Qu'est-ce qui a bien pu motiver une auteure de nouvelles et de livres pour enfants, jeune mère de deux bambins d'âge préscolaire, à publier une brique de presque 500 pages recréant sous forme de fiction le rapport entre Aristote et son élève Alexandre le Grand? «J'adore la Grèce antique», confie Annabel Lyon, dans un salon de thé de la rue Saint-Denis.

Il a fallu sept ans et demi à cette native de Brampton en Ontario, qui vit désormais en Colombie-Britannique, pour écrire Le juste milieu (The Golden Mean, dans sa version originale), roman où, dans une langue moderne, elle décrit les années de l'Académie de Platon. À force de patience, de longues recherches et à coups de 200 mots par jour (entre les boires, les couches à changer et les dodos), elle a accouché en 2009 d'un succès inattendu.

«J'ai eu l'idée d'écrire ce livre après les événements du 11 septembre 2001. Il s'agissait d'une période de ma vie où je me questionnais sur l'utilité d'inventer des histoires sur des personnages imaginaires», confie cette grande fille bouclée au ton nerveux, qui a été la première étonnée par le succès de son livre.

De ses études en philosophie, Annabel Lyon a conservé une passion pour l'éthique aristotélicienne, qu'elle perçoit comme une référence toujours aussi pertinente pour aspirer à une vie heureuse et équilibrée. «J'ai réalisé qu'Aristote était un personnage qu'on ne connaît plus. Enfin, on associe son nom à un homme européen mort. Mais qui, de nos jours, peut décrire sa pensée?»

Et pourquoi opter pour la fiction romanesque et non l'essai philosophique? «Je ne suis pas une experte en philosophie, je n'ai pas de doctorat. Or, je me disais qu'en ayant recours à la narration et en inventant une histoire autour de ces personnages, il serait possible de rendre la pensée d'Aristote plus accessible.»
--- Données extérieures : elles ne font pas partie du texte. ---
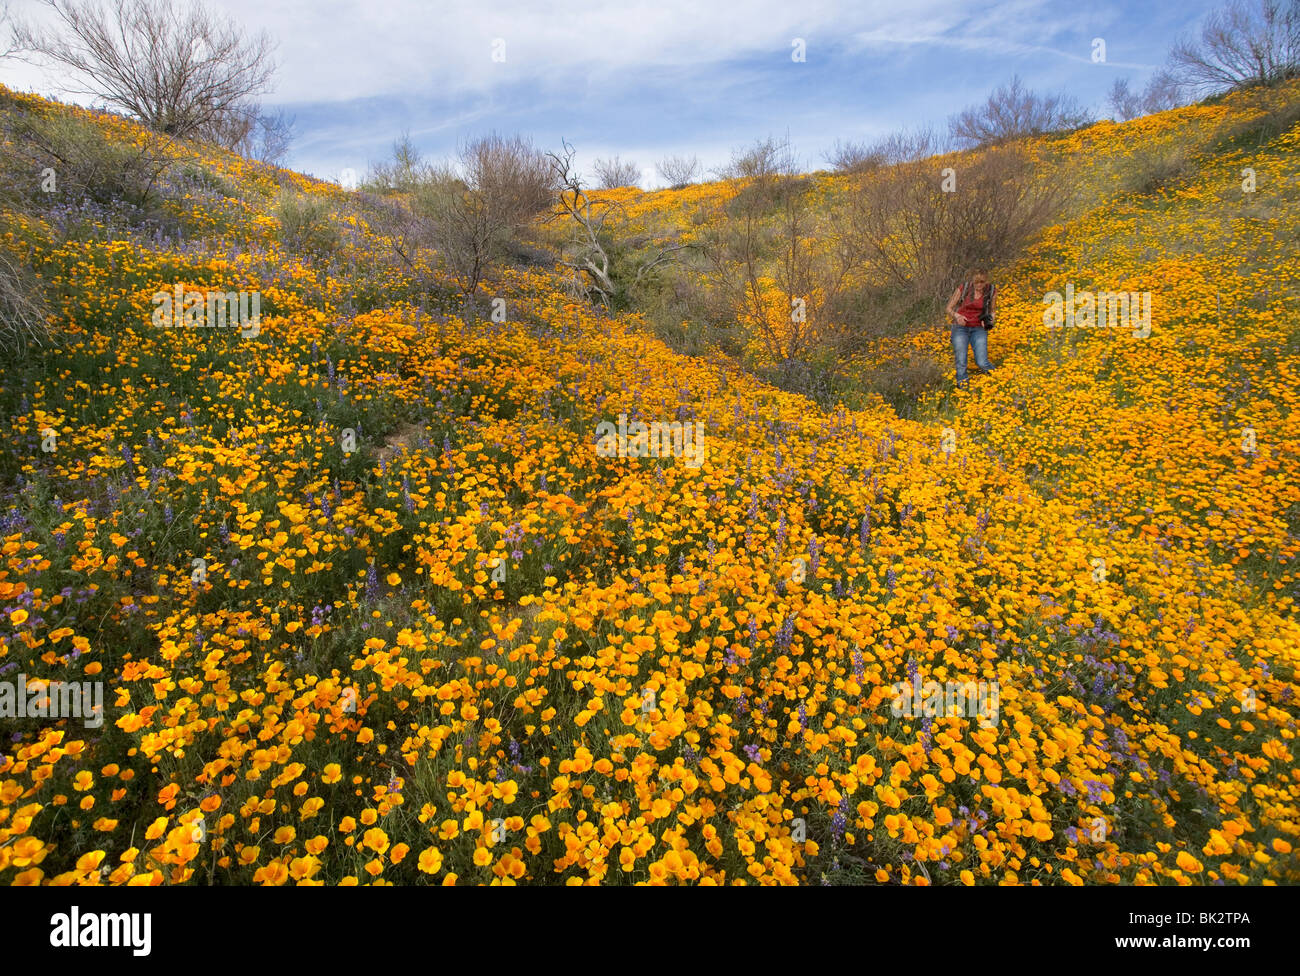 Un gran campo de naranja y amarillo, las amapolas y flores silvestres que continúa indefinidamente. Una mujer fotógrafo camina entre ellos. Foto de stock

Annabel Lyon a eu l'intuition juste en s'appropriant ainsi des personnages de la Grèce antique. L'année suivant sa parution, The Golden Mean a décroché le prix Rogers Writers' Trust et a été mis en nomination pour le prix Giller et celui du gouverneur général. Le roman est à ce jour traduit en 13 langues. «Plusieurs personnes m'ont dit qu'elles craignaient de lire mon roman, parce qu'elles n'avaient pas de background en philosophie et craignaient que le propos soit trop ardu ou aride. En fin de compte, elles se disent presque étonnées d'avoir aimé le roman et de vouloir lire Aristote. Je trouve tout cela très gratifiant.»

Aristote, universel et contemporain

Dans Le juste milieu, on retrouve donc un Aristote qui arrive à Pella, capitale de la Macédoine, et reconnaît dans Alexandre le Grand un esprit fin qu'il veut forger. À la pensée guerrière d'Alexandre, Aristote opposera son idéal de «juste milieu.» Pour s'amuser, Lyon a créé un Alexandre exigeant, têtu et rébarbatif, bref à l'opposé de son image d'être superbe, sexy et ingénieux.

«Ce dont Aristote parle est cette idée que dans le comportement humain, il faut essayer d'éviter les extrêmes pour trouver l'équilibre. Et il ne s'agit pas de céder à la médiocrité ou encore de se contenter d'être moyen, mais plutôt d'exceller en gardant sa stabilité.»

À la parution de The Golden Mean, certains lecteurs ont été étonnés d'y retrouver un langage très moderne et des expressions assez crues.

«C'est un choix conscient et assumé. Je ne voulais pas écrire un roman historique qui décrit des gens en toge qui, dans une langue ancienne, disent des choses comme «Où est mon gobelet!?» Je voulais faire parler mes personnages dans un anglais de la Colombie-Britannique, parce qu'après tout, Aristote est mon héritage intellectuel. Il m'appartient, tout comme il appartient au monde. Il a été la première personne à faire des dissections animales. Sa contribution à la médecine et à la science est énorme.»

Une décennie après le 11 septembre 2001, Annabel Lyon n'est plus cette jeune femme qui avait besoin de retourner à Éthique à Nicomaque. Forte du succès inespéré du Juste milieu, elle travaille présentement sur une seconde partie qui explore l'univers des femmes, à l'époque de la Grèce antique. Pythias, la fille d'Aristote, en sera l'héroïne principale. Et entre ses tournées littéraires et son rôle de maman, elle essaie aussi, parfois, de trouver son juste milieu.

«On me demande toujours si j'y arrive, et c'est une question fort légitime. Mais je pense qu'il est utopique de trouver une stabilité parfaite. Par exemple: me voilà malheureuse dans cette tournée, parce que je suis loin de mes enfants. Et quand je suis à la maison, j'angoisse parce que je n'ai pas le temps d'écrire.»